Categories
വിവര സാങ്കേതിക വിദ്യ

☑Deploying a Web Application – A Good Start

Application security is the use of software, hardware, and procedural methods to protect applications from external/Internal threats.

Deploying a new web service and we want to make sure its damn secure.

GiBu GeorGe

What all you should have

  • Development life cycle
  • Risk management
  • Change control management
  • Necessary standards, policy’s and procedures

Goal: This things need to be avoided.(OWASP)

  1. Injection
  2. Broken Authentication and Session Management
  3. Sensitive Data Exposure
  4. XML External Entity
  5. Broken Access Control
  6. Security Misconfiguration
  7. Cross-Site Scripting
  8. Insecure deserialization
  9. Using Components With Known Vulnerabilities
  10. Insufficient Logging and Monitoring

more from bellow url. Check it out
https://www.owasp.org/index.php/Category:OWASP_Top_Ten_Project

Software Development

Cannot stress strongly enough about the important of Security in development life cycle, Developers misses a lot there goal is not always security and comes as a after thought, And skills of developers vary a lot “a loooot”. Find security bugs way later in production compromises the release cycle, Been said If you have a strong SDLC practice with security and risk assessment involved on relevant stages. You should have a strong software code.

Testing Environment

There are lot of options while creating a test environment mostly you already have a testing environment, Demo, Staging and production.

Virtualization in company private cloud or VM farm In small company you can use public service like aws(get in touch with them if your security testing on there resources). Isolate the testing environment. Or my favorite if non above exist do a local VM network with Virtualbox, Vmware, Xen or KVM you have a lot of options and control.

What you should be familiar is Static testing and Dynamic testing the web application, Check software source code for developmental security errors and if error are found is loaded back to bug tracker depending on your SDLC, Also test the application is in running state, put servers logs into debug mode. Logs are your best friends here. Find as much bugs as possible as an insider you have more resources available to you than a attacker.

When Creating a Local Testing infrastructure we are trying to find as much flaws as possible and feed it back to the development process to be rectified

Before Production after testing: Administrative stuff

Properly configured process you don’t have to go blind in configuring demo or staging servers, There will be a procedures and standards regarding Operating System to use how it should be configured

Web Servers and Critical Service

Two installation method is source and binary, I would recommend source installation(helps in better control on changes, but if there is demo configuration process you have to follow, then that one) . check what all modules and features are needed, compile and install the web server with just what we need.
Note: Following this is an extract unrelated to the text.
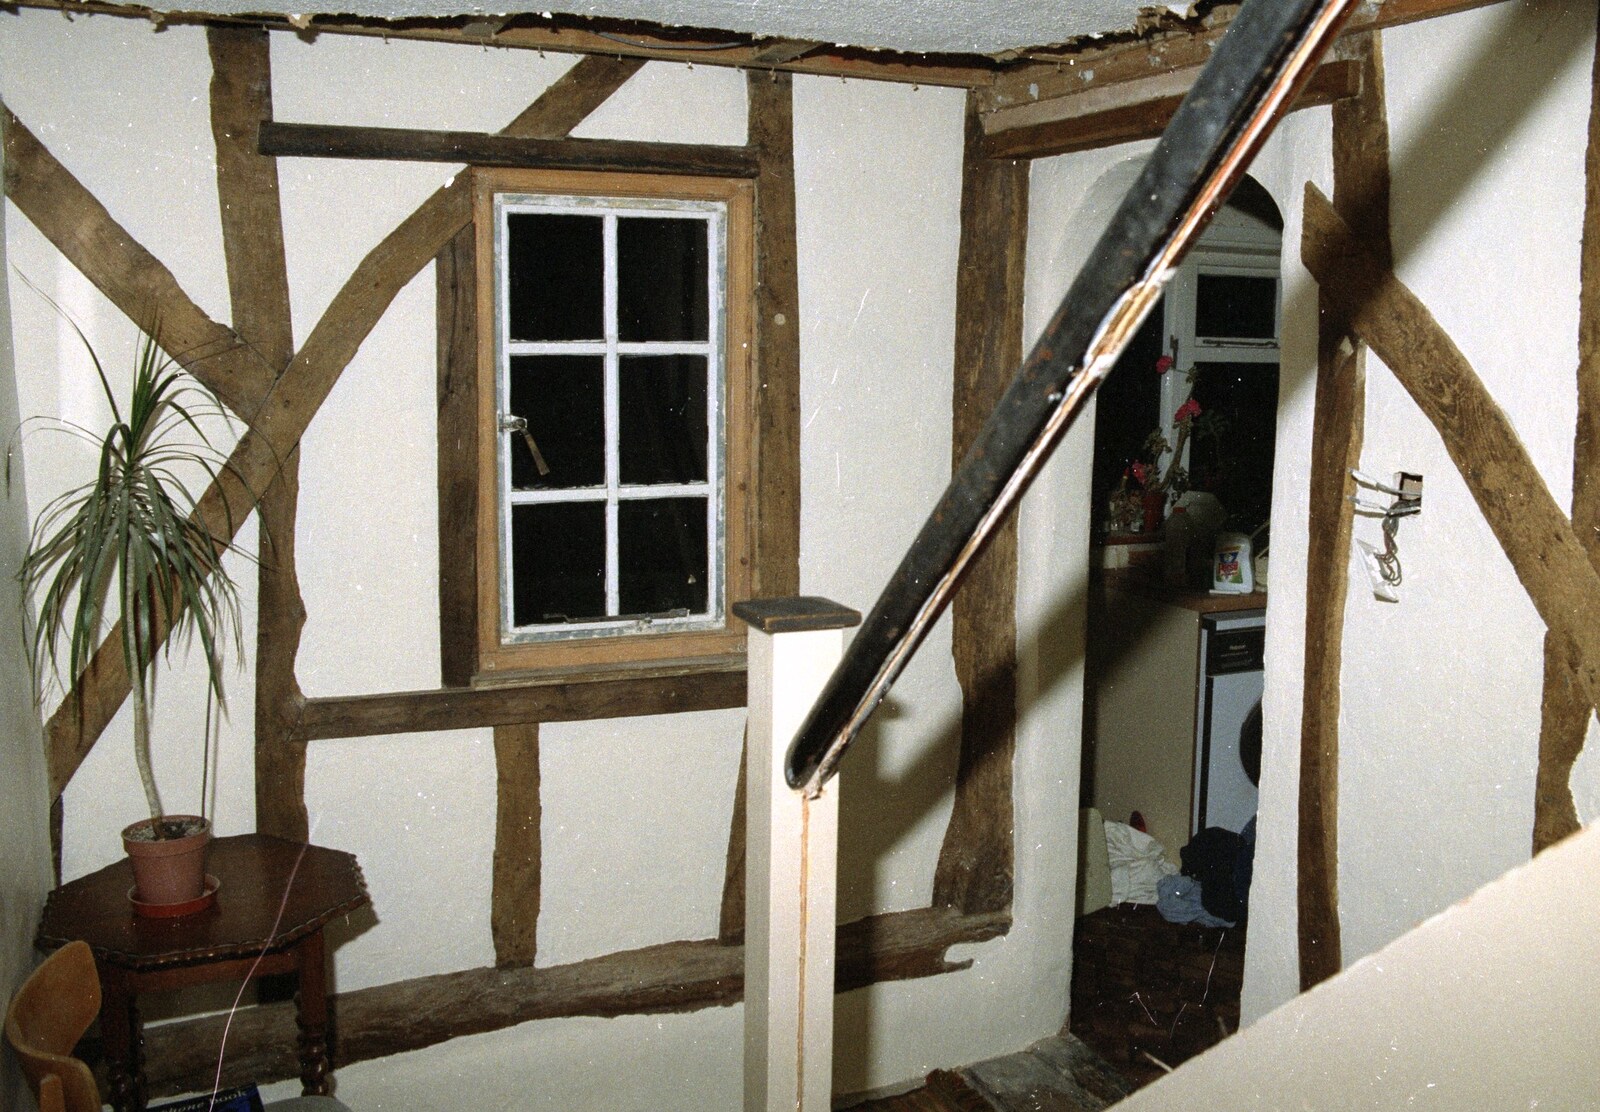 Grandmother's Seventieth Birthday, Brockenhurst and Keyhaven, Hampshire - 11th September 1994: The hall has been painted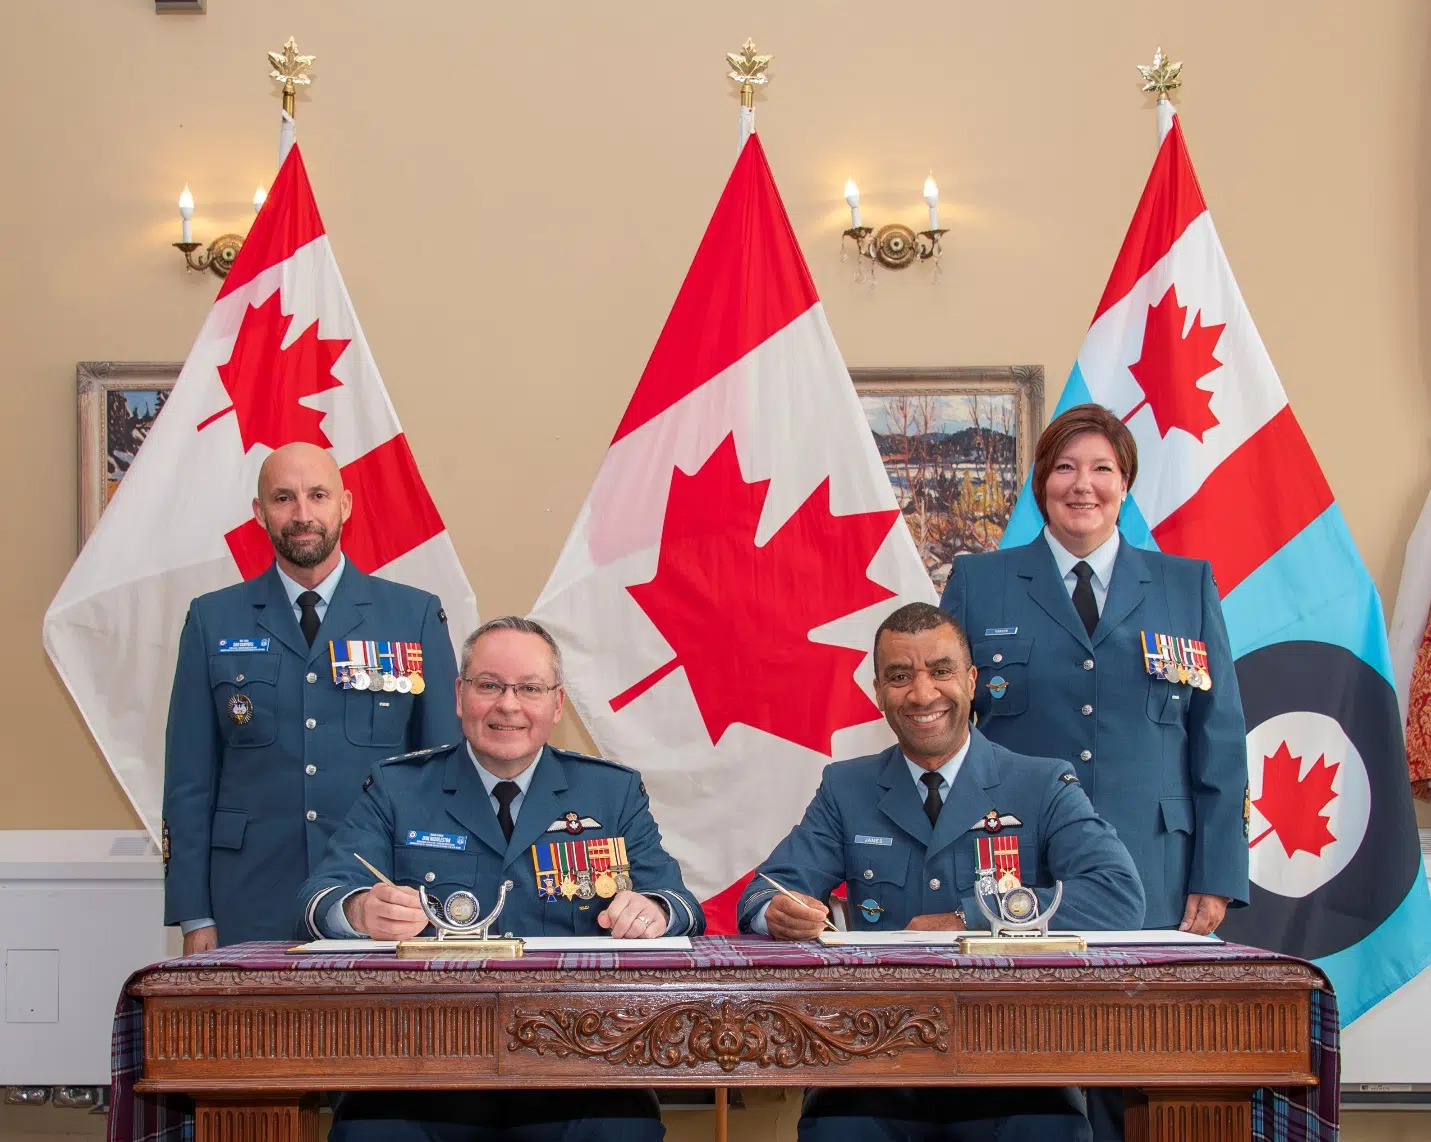 New Commander for 8 Wing Trenton introduced

Try to get the staging as close to production as possible, follow your organization security policy regarding testing environment.

Getting a baseline to configure IDS and IPS

There are lot of IDS and IPS available lot of good opensource one more maintenance required as you’re the support no external support or updateded rules, free rules are usually delayed or paid ones are damn expensive for a SMB, there are lot of commercial solutions also.

Mod security is a great place to start, Its a tiny module which can be loaded to web server and configuration can be done in any scenario we can come up with, Then there is OSSEC and SNORT also great, I am going with open source here with free rules. I mostly use a combination of there three with layer defense approach, and built upon it.

While testing on demo, place the IDS IPS etc in detection mode check logs, Simulate traffic. if any anomaly detected, check for false positive, determine how do you want to solve this System/Network Administration way or development way, later is preferred if its a genuine risk, if a false positive we can go with System/Network Administration fix.

While creating a baseline of good and bad traffic to train the security software this could be overwhelming. Using good traffic as a baseline and blocking rest is far easier and building on it much simpler. We can easily compare with good traffic in production and change can be made accordingly when in production.

Security testing on Demo: Continues

Always make sure you have necessary verifiable permission for what your going to do.

Try brute-force the application. Do full fledged web application pen-test with opensource tool. Try to take server down, Be destruction and through as possible on test server. Set the data from IDS, IPS, Create a baseline for possible attack and normal usage. If vulnerability scanning baseline and procedure is available use it for scanning to adhere to use case scenarios.

How to configure production

You don’t need to configure production you already have a production, Deploy it after making necessary arrangement you will be good to go if change has been properly documented if needed to revert after real traffic cause any problem.